Re-election provisions have also had negative consequences. Politics has become more personalized. It might be the case that the rise of personal politics is the result — not the cause — of a weakening party system. People increasingly vote for individuals more than for party platforms. As leaders have stayed in power longer, parties have found it more difficult to institutionalize and regain their footing as the main institutions to channel popular representation. Also, as presidents have stayed in power longer, power has become more concentrated. True, this has not happened everywhere. Presidents in Brazil have not grown more powerful, as in Venezuela or Ecuador. Yet, because they have risen in times of institutional weakness in several countries, long-serving presidents can more easily replace weak and discredited institutions with personal or political allies or concentrate power in their own hands with institutional changes (that often include new constitutions). The cases of Chávez (1998-2013) in Venezuela and Daniel Ortega (in power since 2006) in Nicaragua represent the most dramatic examples of concentration of power that has further weakened already feeble democratic institutions.
In Colombia, the constitutional reform that allowed for immediate presidential re-election was, as in several other countries, a custom-made reform to favour then-president Álvaro Uribe (2002-2010).
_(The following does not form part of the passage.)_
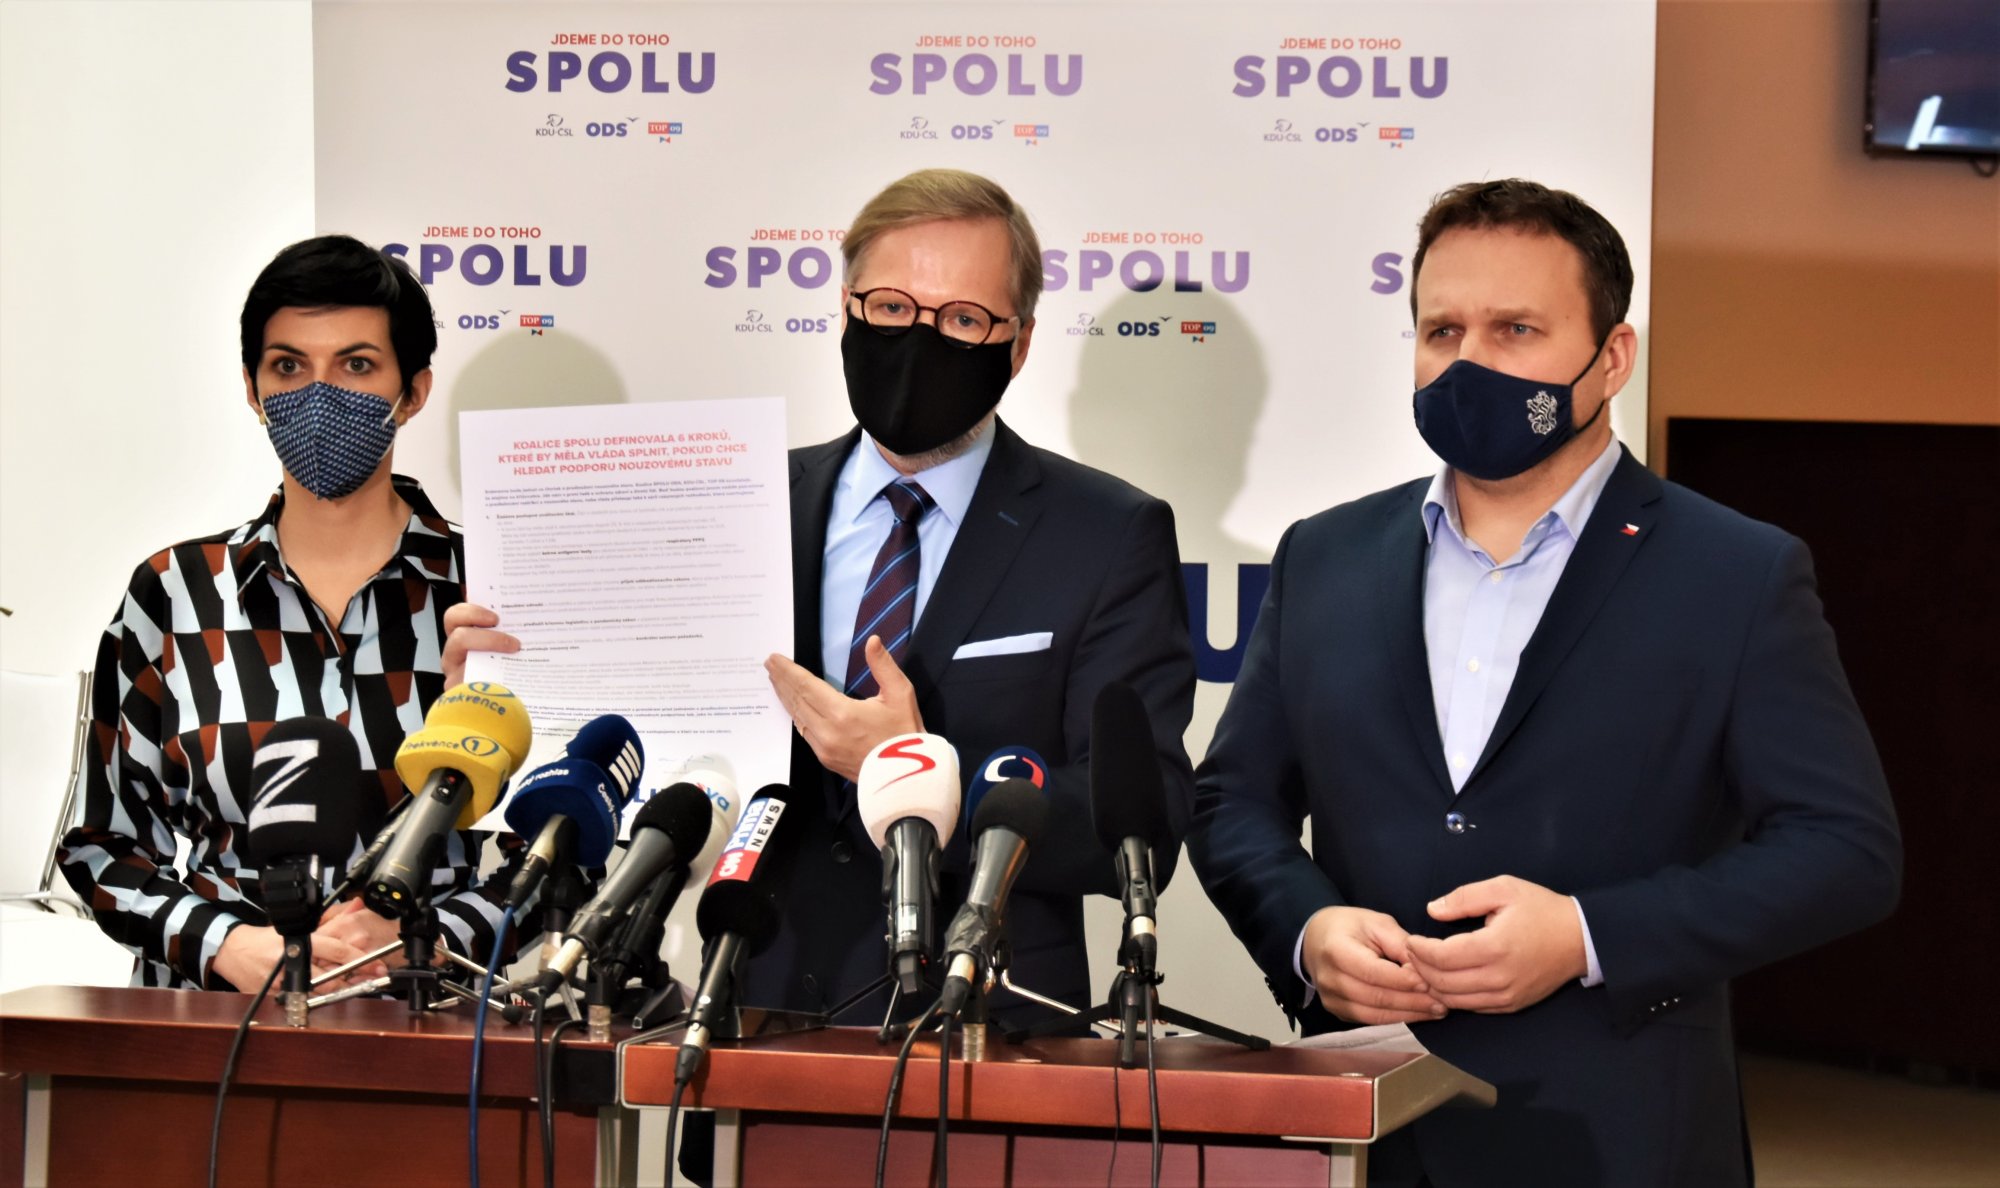 Koalice SPOLU: Vyzýváme vládu k jednání o odškodňovacím zákonu

Since Uribe failed to secure a new reform that would allow him to run for a third term, the institution he left in place has now allowed his predecessor — a former ally turned his main political rival — to benefit from securing a second term in office. Something similar happened in Brazil, where the constitutional reform that allowed Cardoso to run for re-election in 1998 allowed Lula to run for a second term in 2006 and will soon allow Rousseff (from the same party as Lula) to seek her own second term. In other countries, the reform has only applied to one president — as in Ecuador or Bolivia — or to presidents from the same coalition — as in Venezuela. Thus, in those countries, the long-term consequences in terms of alternation in power remain to be seen.
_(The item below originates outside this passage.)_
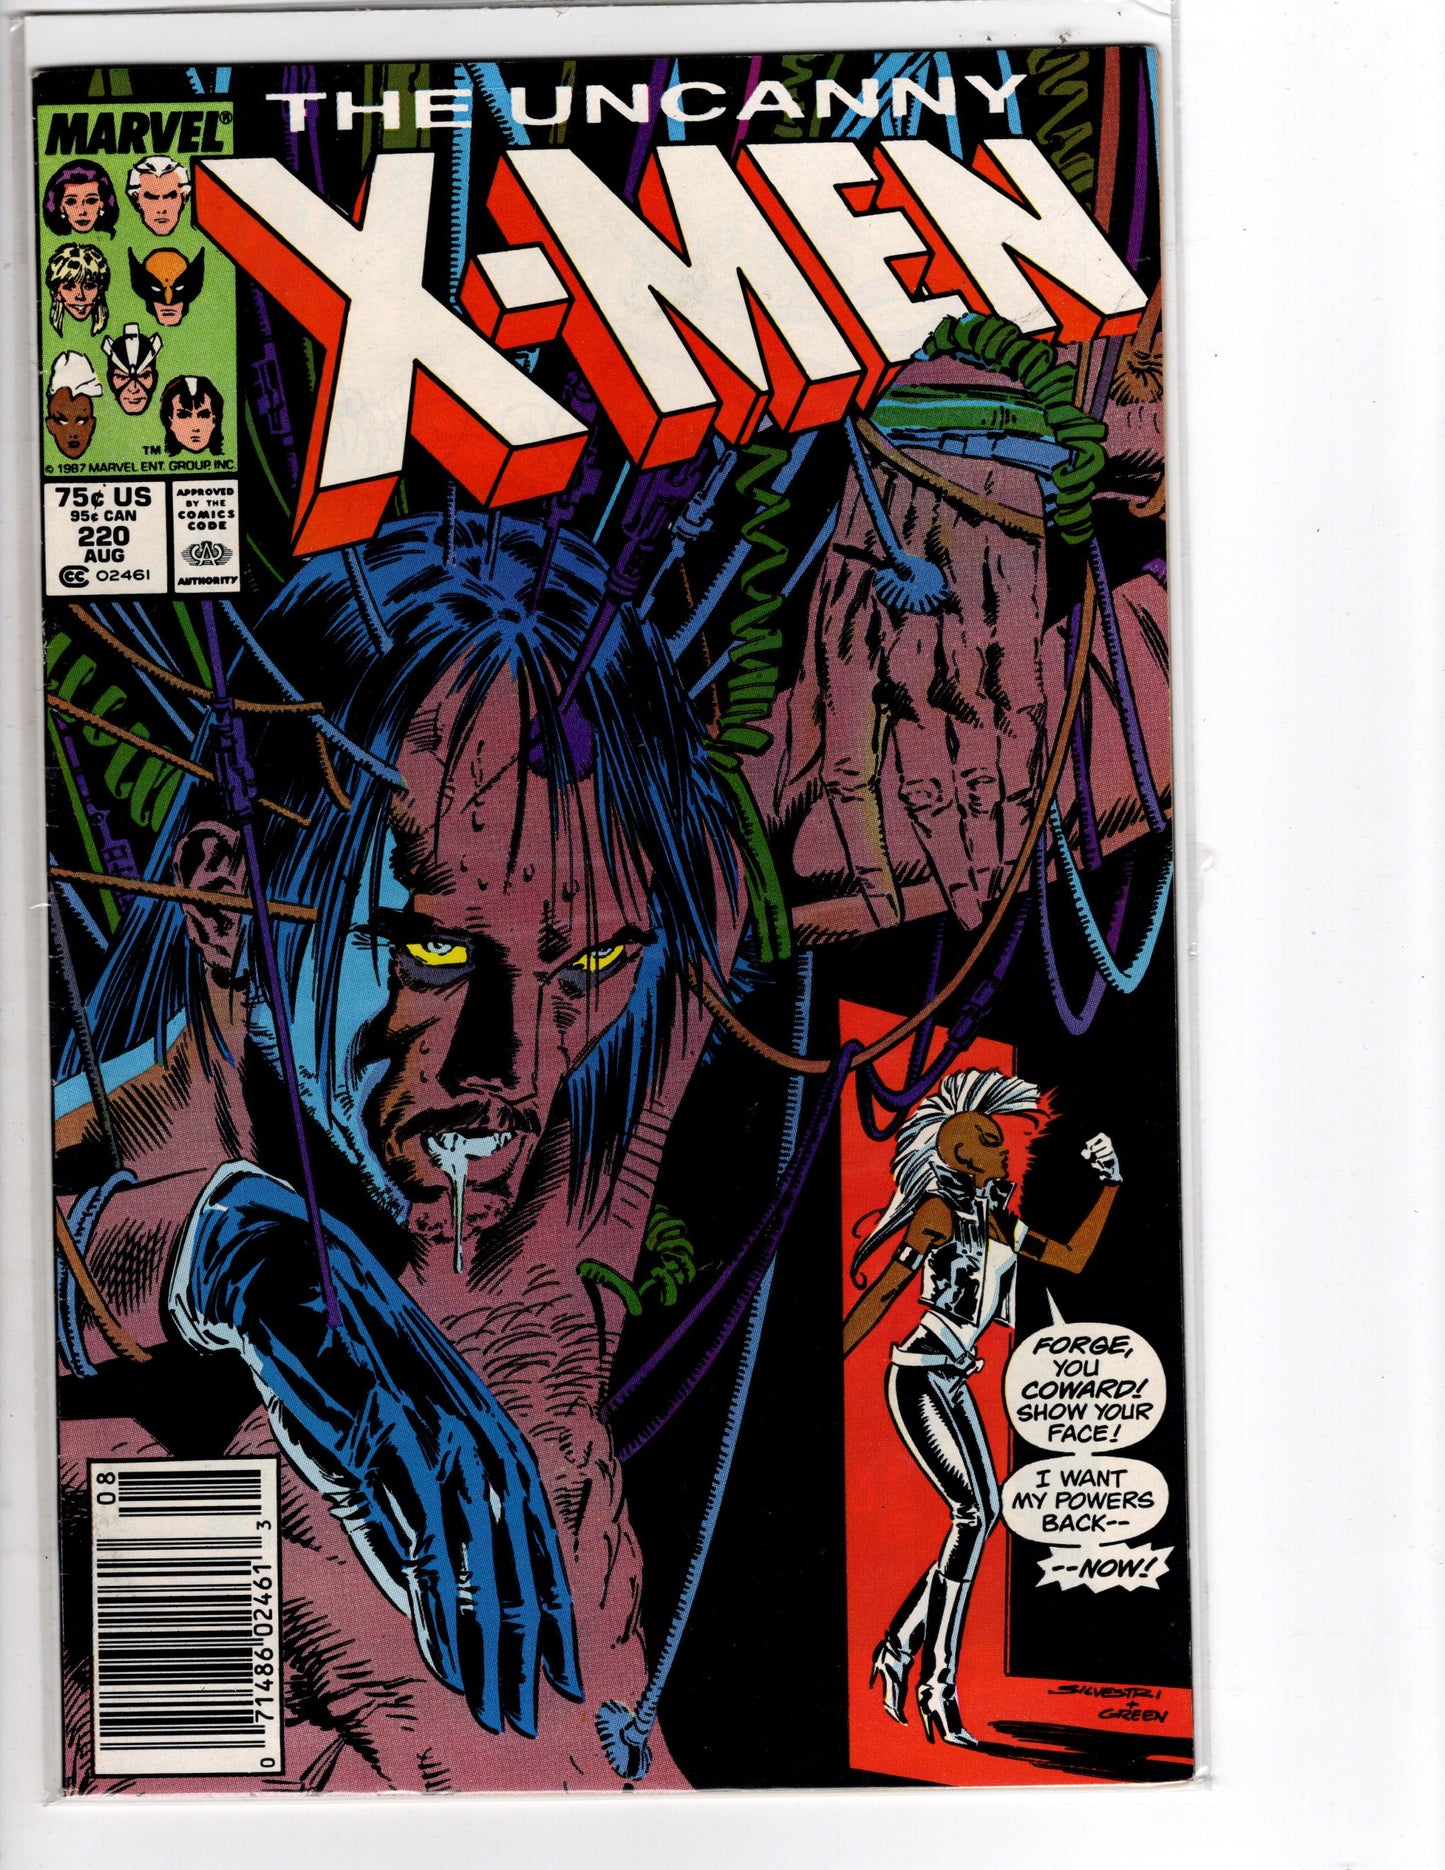 The Uncanny X-Men #220

Because Latin American countries have historically been presidentialist, the decision to allow immediate re-election has not been free from controversy. In the US, where the presidential system has more checks and balances, incumbents do lose (though there have historically been more two-termers than one-term presidents). In Latin America, where presidential power has fewer institutional constraints and there are fewer and weaker checks-and-balance procedures, incumbents are more difficult to defeat.
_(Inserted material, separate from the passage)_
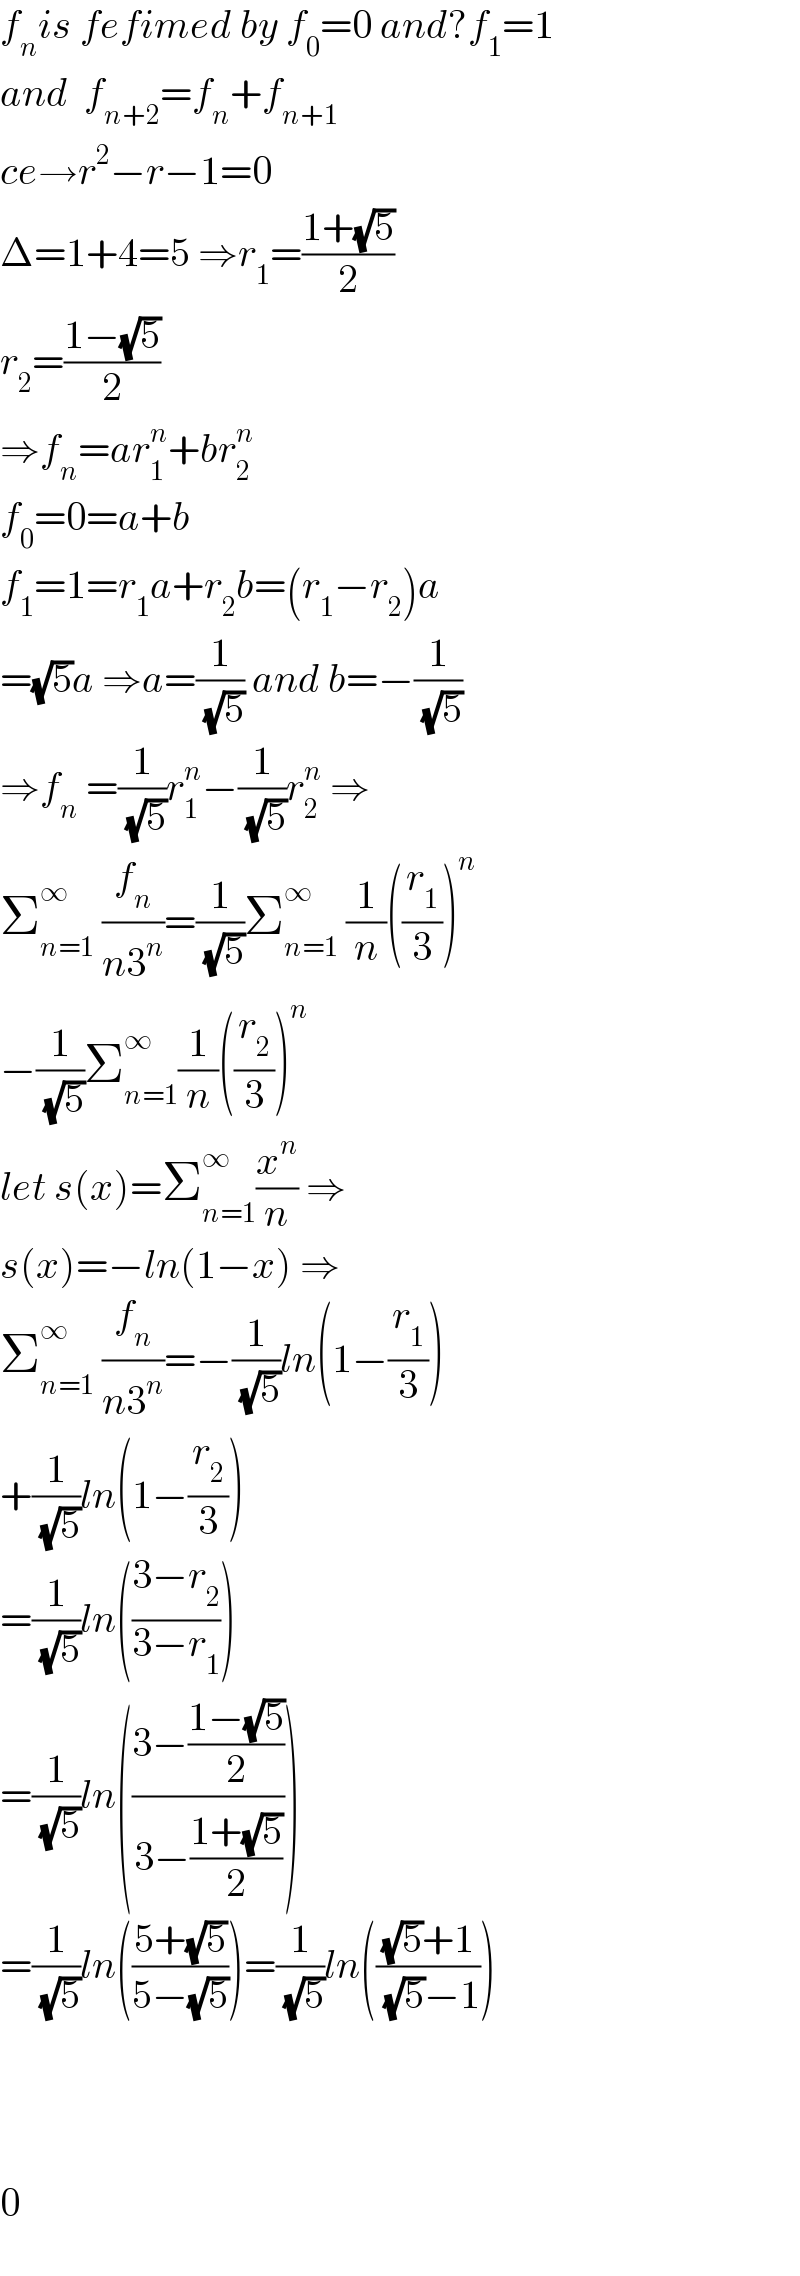 f_n is fefimed by f_0 =0 and?f_1 =1  and  f_(n+2) =f_n +f_(n+1)   ce→r^2 −r−1=0  Δ=1+4=5 ⇒r_1 =((1+(√5))/2)  r_2 =((1−(√5))/2)  ⇒f_n =ar_1 ^n +br_2 ^n   f_0 =0=a+b  f_1 =1=r_1 a+r_2 b=(r_1 −r_2 )a  =(√5)a ⇒a=(1/( (√5))) and b=−(1/( (√5)))  ⇒f_n  =(1/( (√5)))r_1 ^n −(1/( (√5)))r_2 ^n  ⇒  Σ_(n=1) ^∞  (f_n /(n3^n ))=(1/( (√5)))Σ_(n=1) ^∞  (1/n)((r_1 /3))^n   −(1/( (√5)))Σ_(n=1) ^∞ (1/n)((r_2 /3))^n   let s(x)=Σ_(n=1) ^∞ (x^n /n) ⇒  s(x)=−ln(1−x) ⇒  Σ_(n=1) ^∞  (f_n /(n3^n ))=−(1/( (√5)))ln(1−(r_1 /3))  +(1/( (√5)))ln(1−(r_2 /3))  =(1/( (√5)))ln(((3−r_2 )/(3−r_1 )))  =(1/( (√5)))ln(((3−((1−(√5))/2))/(3−((1+(√5))/2))))  =(1/( (√5)))ln(((5+(√5))/(5−(√5))))=(1/( (√5)))ln((((√5)+1)/( (√5)−1)))        0

In 2004, Dominican President Hipólito Mejía lost his re-election bid amid a banking and financial scandal. Before that, only one president lost a re-election bid in recent memory. Incumbent Nicaraguan President Daniel Ortega lost the election in 1990, but that contest was the first truly democratic election in that country, as Ortega had come into power in the 1979 Nicaraguan Revolution. The 1984 election, when Ortega won re-election, was held during the counter-revolutionary war and was not competitive.
With his re-election, Santos confirms the electoral advantage enjoyed by incumbent presidents in Latin America. In the coming months, Morales and Rouseff will also run for re-election. If history has any predictive power, they will likely win re-election and further consolidate the incumbent advantage that exists in presidential elections in Latin America.